MySQL Master-Master Replication – Single Table Out of Sync

data synchronizationmaster-master-replicationMySQLmysql-5.7replication

I have a master-master MySQL 5.7, everything works fine except for one error which is rising from time to time.

If I run a show slave status\G on server2 I have an error on a table:

...
Last_Errno: 1032
Last_Error: Could not execute Update_rows event on table my_database_name.my_table_name; Can't find record in 'my_table_name', Error_code: 1032; handler error HA_ERR_END_OF_FILE; the event's master log mysql-bin.000120, end_log_pos 83145706
...

I can temporarily skip the error by running:

STOP SLAVE;
SET GLOBAL SQL_SLAVE_SKIP_COUNTER = 1;
START SLAVE;

or by setting

slave-skip-errors = 1032
skip-slave-start

in server2's my.cnf and then restarting MySQL.

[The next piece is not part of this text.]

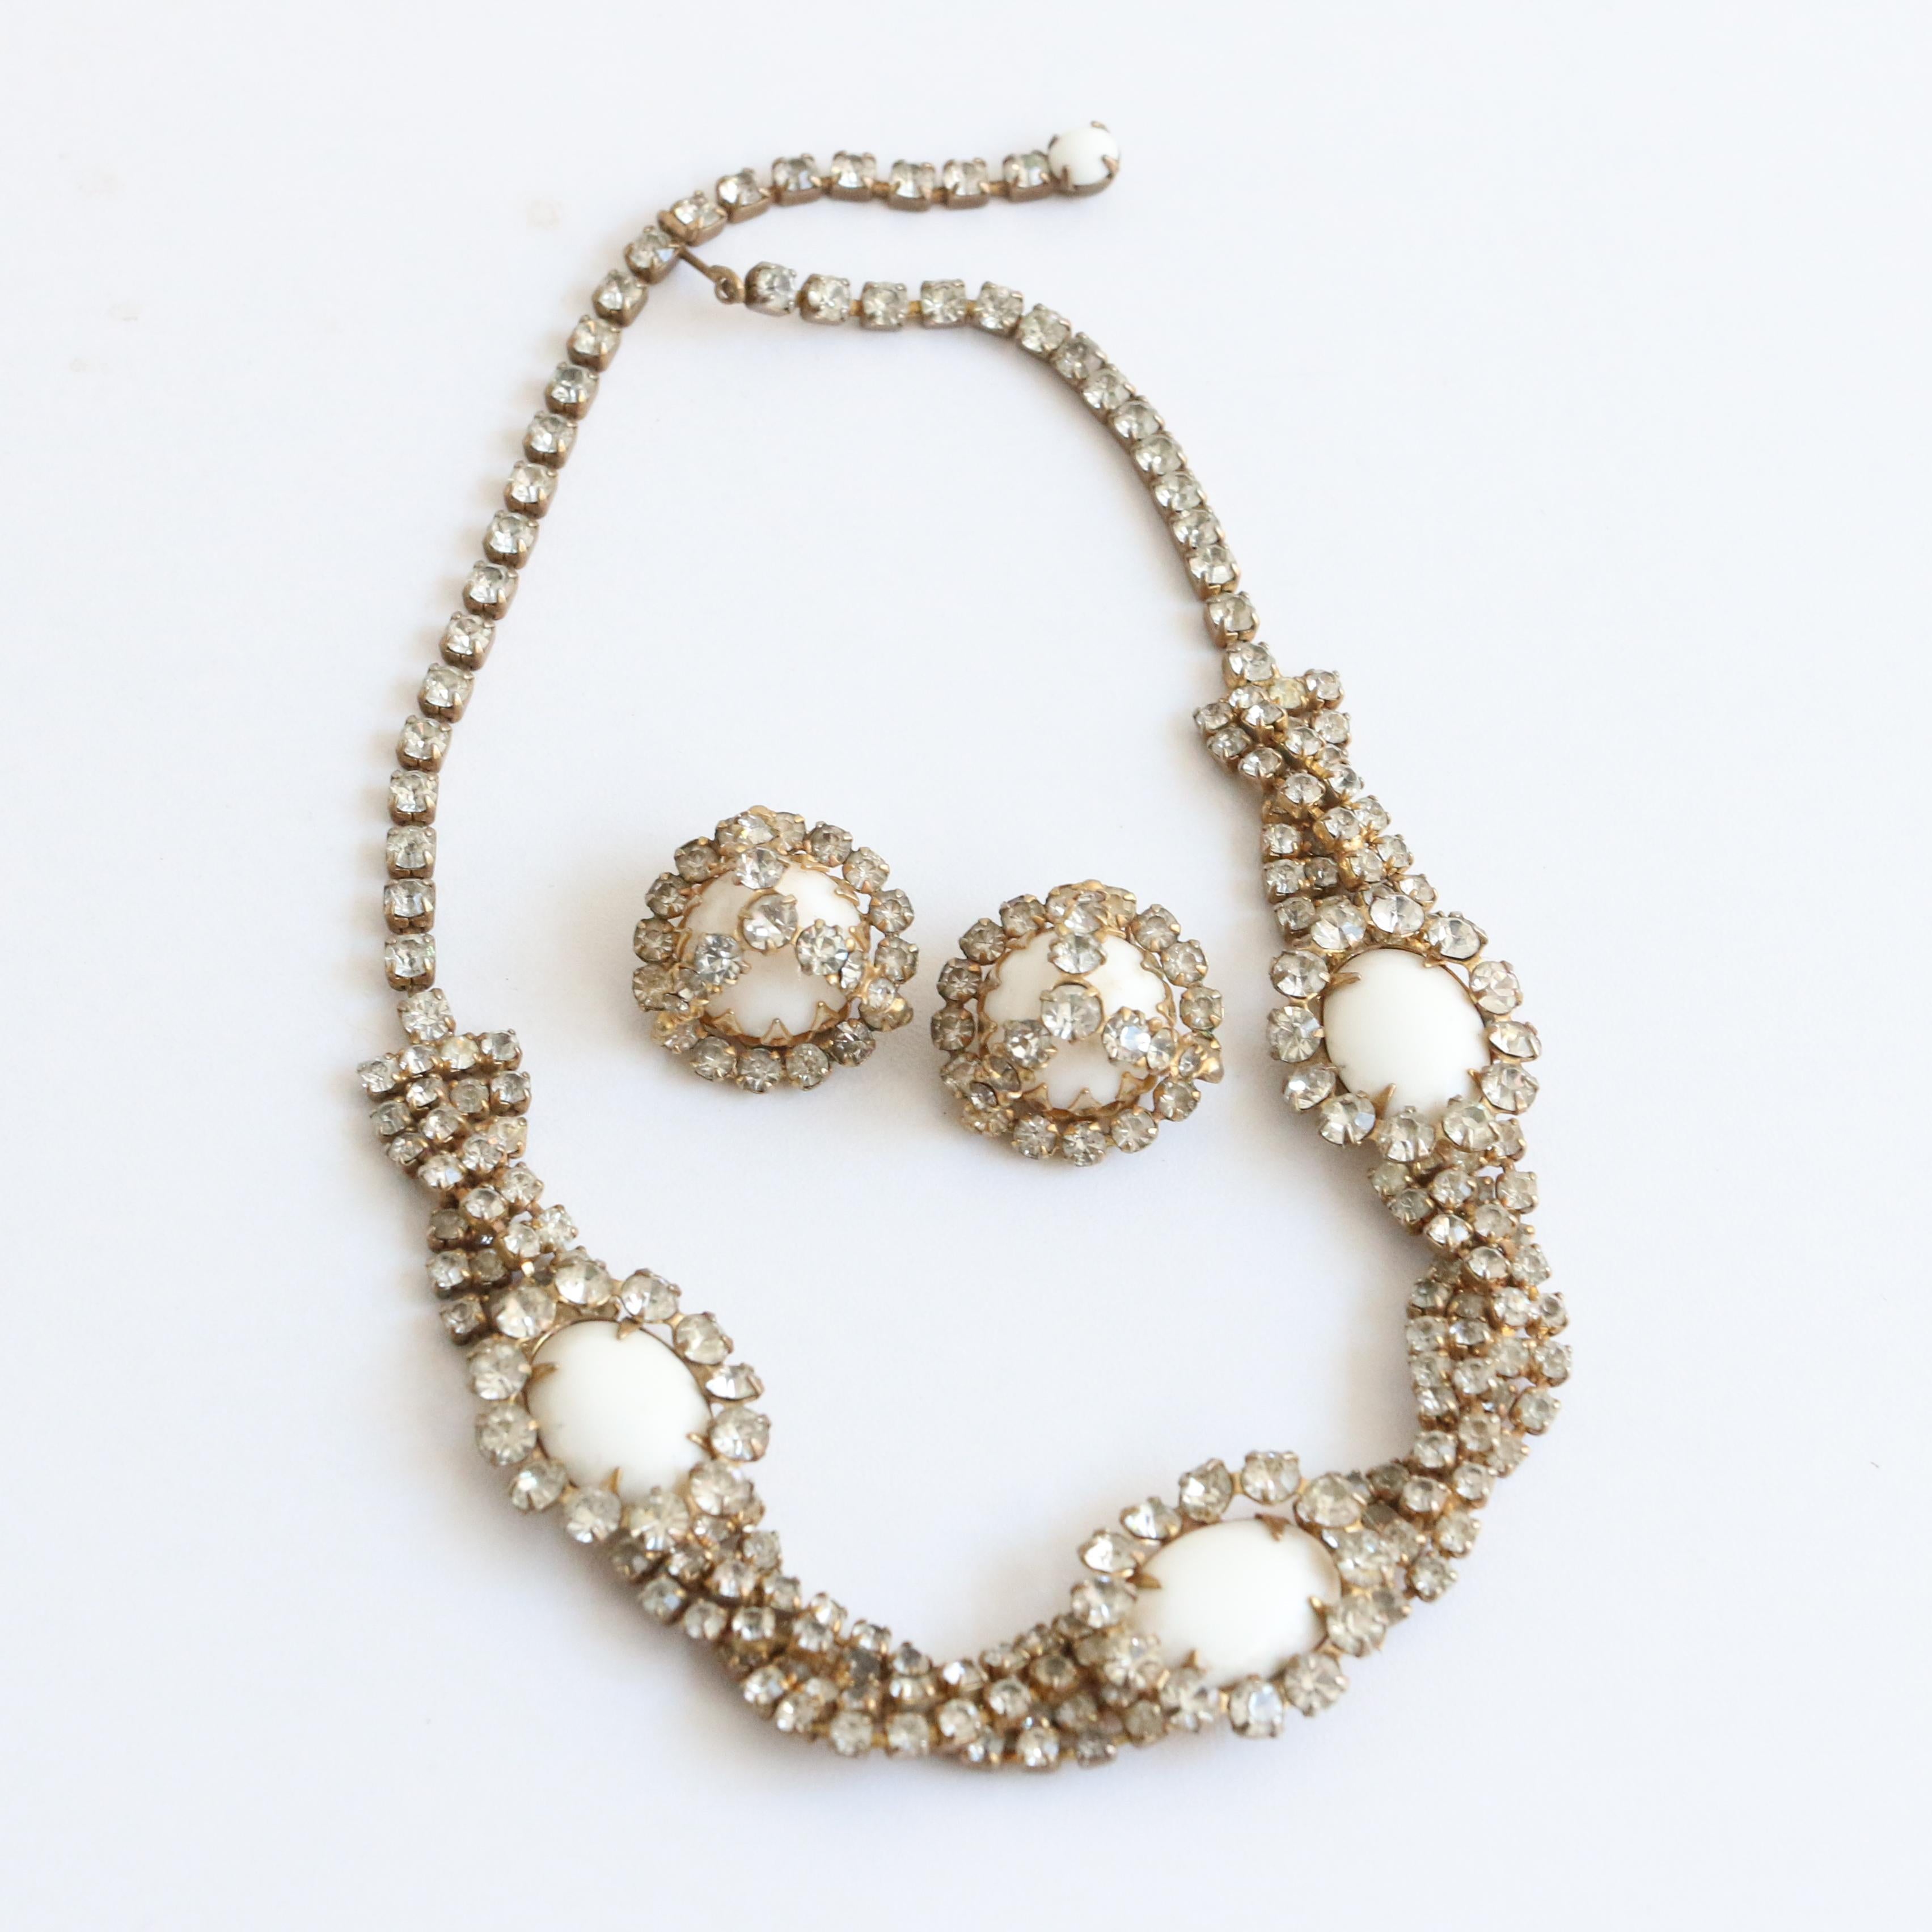 Cette époustouflante parure de bijoux Hattie Carnegie des années 1950, composée d'un collier et de boucles d'oreilles à clip, est l'ensemble parfait pour ajouter une touche de glamour à votre tenue. 

Ce collier complexe présente un motif de strass

However, I would like to fix it permanently so I checked in server1's binary logs and I found this:

### UPDATE `my_database_name`.`my_table_name`
### WHERE
###   @1=140
###   @2='2014:02:02'
###   @3=2878
###   @4=3253
###   @5=''
###   @6=0.00
###   @7=0
###   @8=35.75
###   @9=0.00
###   @10=0
###   @11=0
### SET
###   @1=140
###   @2='2014:02:02'
###   @3=2878
###   @4=3254
###   @5=''
###   @6=0.00
###   @7=0
###   @8=35.75
###   @9=0.00
###   @10=0
###   @11=0
# at 83145706

I see it tries to update the table by setting the value 3254 in the 4th column where the 4th column itself has value 3253. Anyway, if I look at the table on the servers, it has a different value on both:

server1:

mysql> select * from my_table_name where my_table_name.id = 140;
+-----+------------+----------+----------+---------+-----------+---------+---------+-----------+---------------------+---------------------+
| id  | col2       | col3     | col4     | col5    | col6      | col7    | col8    | col9      | col10               | col11               |
+-----+------------+----------+----------+---------+-----------+---------+---------+-----------+---------------------+---------------------+
| 140 | 2014-02-02 |     2878 |     3254 |         |      0.00 |       0 |   35.75 |      0.00 | 0000-00-00 00:00:00 | 0000-00-00 00:00:00 |
+-----+------------+----------+----------+---------+-----------+---------+---------+-----------+---------------------+---------------------+

server2:

 mysql> select * from my_table_name where my_table_name.id = 140;
+-----+------------+----------+----------+---------+-----------+---------+---------+-----------+---------------------+---------------------+
| id  | col2       | col3     | col4     | col5    | col6      | col7    | col8    | col9      | col10               | col11               |
+-----+------------+----------+----------+---------+-----------+---------+---------+-----------+---------------------+---------------------+
| 140 | 2014-02-02 |     2878 |     3257 |         |      0.00 |       0 |   35.75 |      0.00 | 0000-00-00 00:00:00 | 0000-00-00 00:00:00 |
+-----+------------+----------+----------+---------+-----------+---------+---------+-----------+---------------------+---------------------+

Considering it's master-master, how can I align the tables? I think I can't simply set the value 3253 hoping it's going to be updated by the binary log, can I?

If possible, I want to avoid re-syncing the whole database because it's really huge.

Thank you!

Best Answer

You could use pt-table-checksum and pt-table-sync to perform an optimized synchronisation while online and it will backoff to avoid replication lag.